In this context, research is currently being carried out to evaluate the corrosion behaviour of metals manufactured by (AM). A recent study examined the effect of low hydrogen content on hydrogen-assisted cracking (HAC) in 17-4 martensitic stainless steel (SS)² , produced by AM. Electron microscopy results (figure 2) show that conventional (CM) specimens exhibit more severe cracking than those produced by AM, indicating a higher resistance to HAC in the AM specimens.

This phenomenon is attributed to a higher initial amount of retained austenite and the absence of brittle nitride phases. The ductile austenite phase can clog the crack tip and act as an effective hydrogen trap due to its higher solubility for hydrogen. In addition, the presence of austenite in the matrix reduces the dislocation density and internal stresses, thus improving the strength of the material against HAC.

Another study was carried out to compare the resistance to HE in 316 L stainless steel manufactured by additive manufacturing (AM) and conventional manufacturing (CM). The results obtained showed that the 316L stainless steel sample fabricated by AM in the hot isostatic pressed (HIP) condition demonstrated better resistance to HE compared to the conventionally fabricated (CM) material, especially at -50°C³.

Both investigations highlight the potential of AM to improve the resistance of metallic materials to hydrogen embrittlement. In particular, stainless steel processed by advanced techniques such as hot isostatic pressing (HIP) showed superior ductility compared to conventionally fabricated material, even under low temperature conditions and in the presence of hydrogen. The results obtained from different research in this area underline how microstructural control achieved by AM allows the development of stronger materials adapted for applications in critical environments, marking a significant advance in materials engineering.

Additive Manufacturing: The future of metallic materials resistant to hydrogen embrittlement

Additive manufacturing is changing the metallic structure of metallic materials, especially in the control of hydrogen embrittlement, a phenomenon that compromises the integrity and durability of metals in critical applications. This process allows the creation of metal structures with complex geometries and optimised microstructures, facilitating the design of materials that are less susceptible to embrittlement.

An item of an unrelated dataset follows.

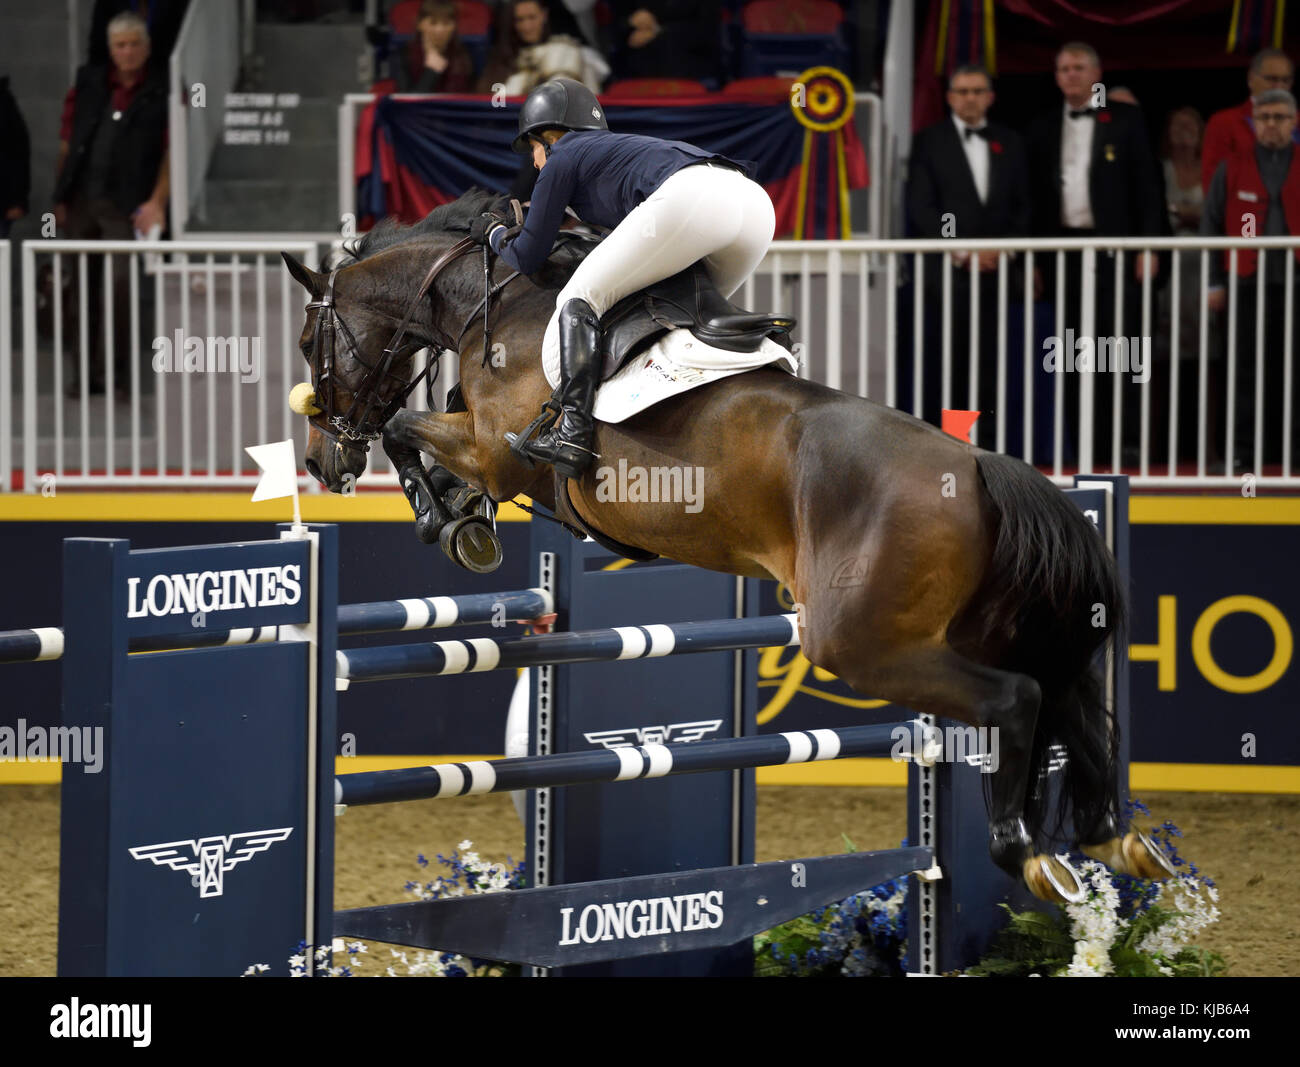 Elizabeth Madden USA riding Breitling LS in the Longines FEI World Cup Show Jumping competition jump off at the Royal Horse Show Toronto Stock Photo
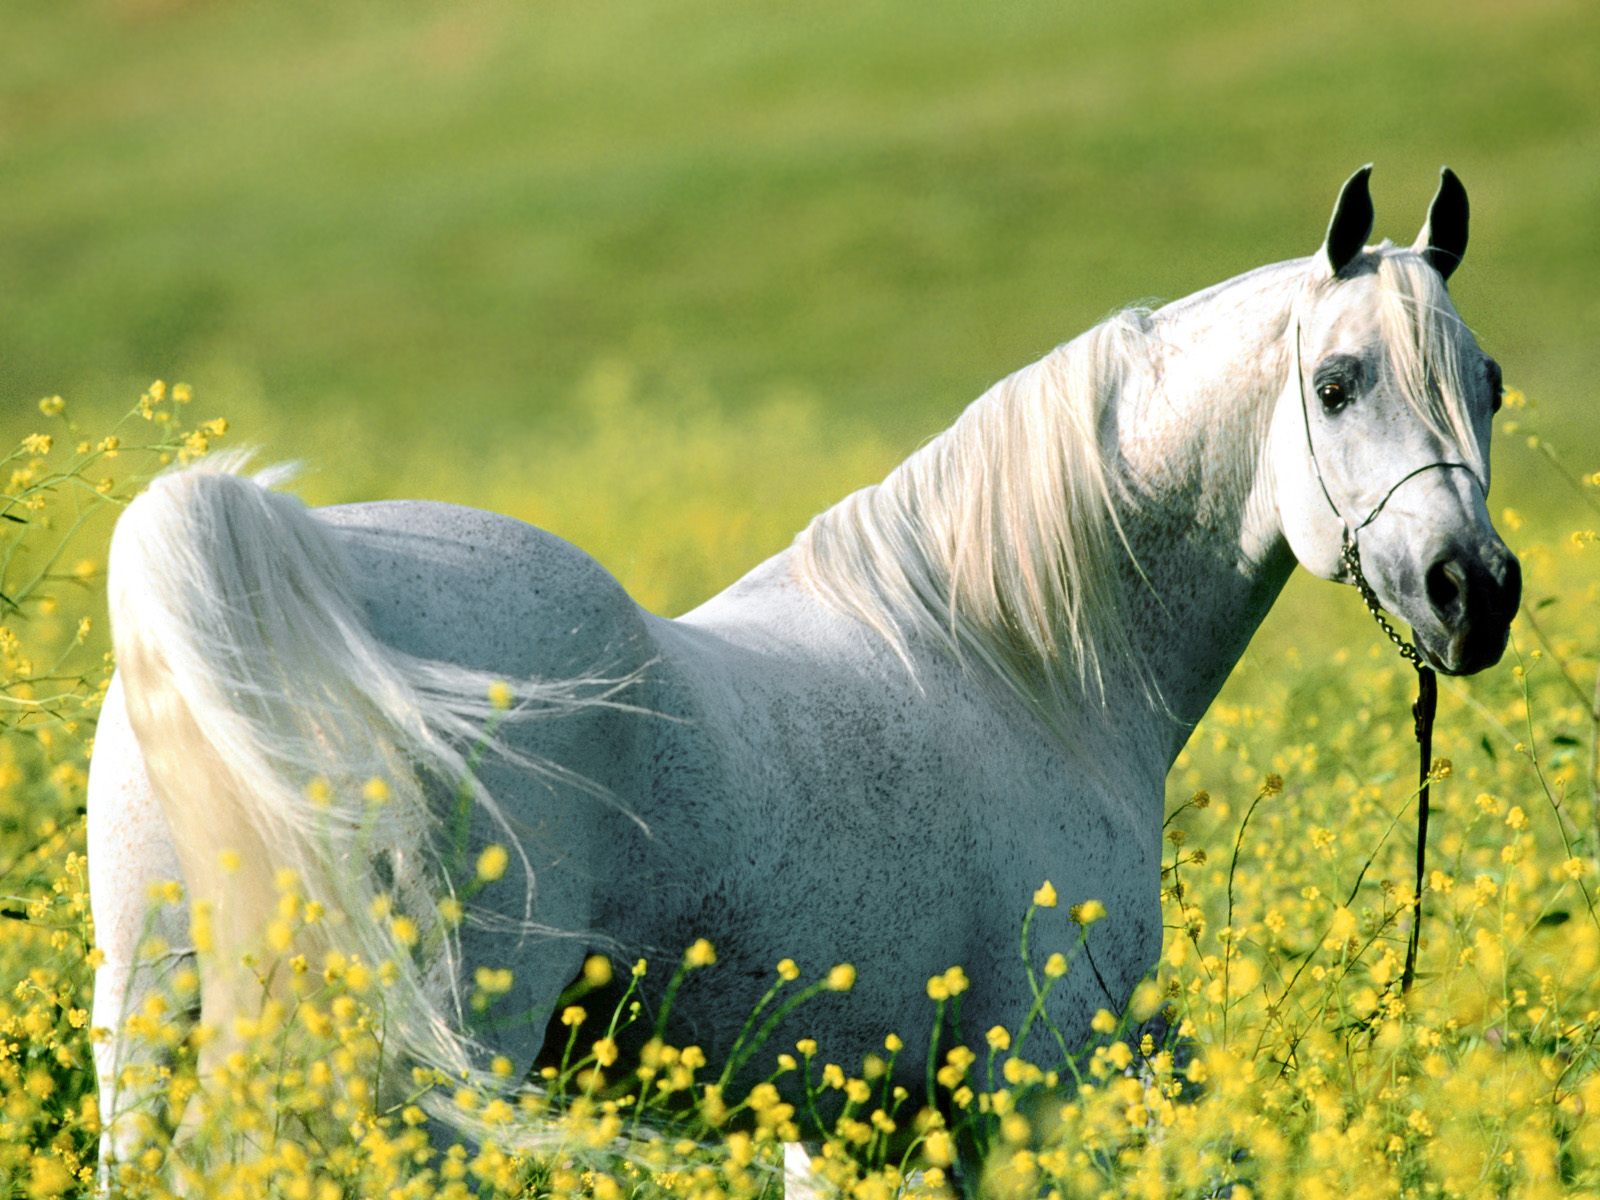 download horse backgrounds for your computer which is under the horse

Through additive manufacturing, it is possible to adjust process parameters such as cooling rate, grain distribution and material porosity, which are key factors in resistance to hydrogen embrittlement. In addition, additive techniques offer the ability to integrate composition gradients and specific metal phases to reduce areas vulnerable to hydrogen embrittlement.

AM is also opening up new opportunities in the development of advanced alloys and specific coatings that mitigate the effects of hydrogen. These advances are driving the creation of metal parts with extended service life and improved safety in sectors such as oil, gas, energy and aerospace, where the control of HE is critical to prevent catastrophic failures.

Conclusions

Additive manufacturing offers significant opportunities for the creation of complex, customised components, but hydrogen embrittlement poses considerable challenges in its application in hydrogen-abundant environments. Understanding and controlling the microstructure of metals fabricated by AM is critical to minimising susceptibility.

As AM technology continues to advance, the development of more hydrogen-resistant alloys and optimisation of manufacturing parameters will play an important role in improving the reliability of metal components in industrial applications.

References

1. Eugene BroermanIII,Peter Renzi; “Hydrogen Embrittlement”; From: Journal of Natural Gas Science and Engineering, 2022.
2. Guy Ben-Hamu, Polina Metalnikov, Dan Eliezer; “The effect of low hydrogen content on hydrogen embrittlement of additively manufactured 17–4 stainless steel”; Progress in Additive Manufacturing (2024) 9:1319–1330.
3. G. Álvarez, Z. Harris, K. Wada; “Hydrogen embrittlement susceptibility of additively manufactured 316L stainless steel: influence of post-processing, printing direction, temperature and pre-straining”; physics.chem, 14 Nov 2023.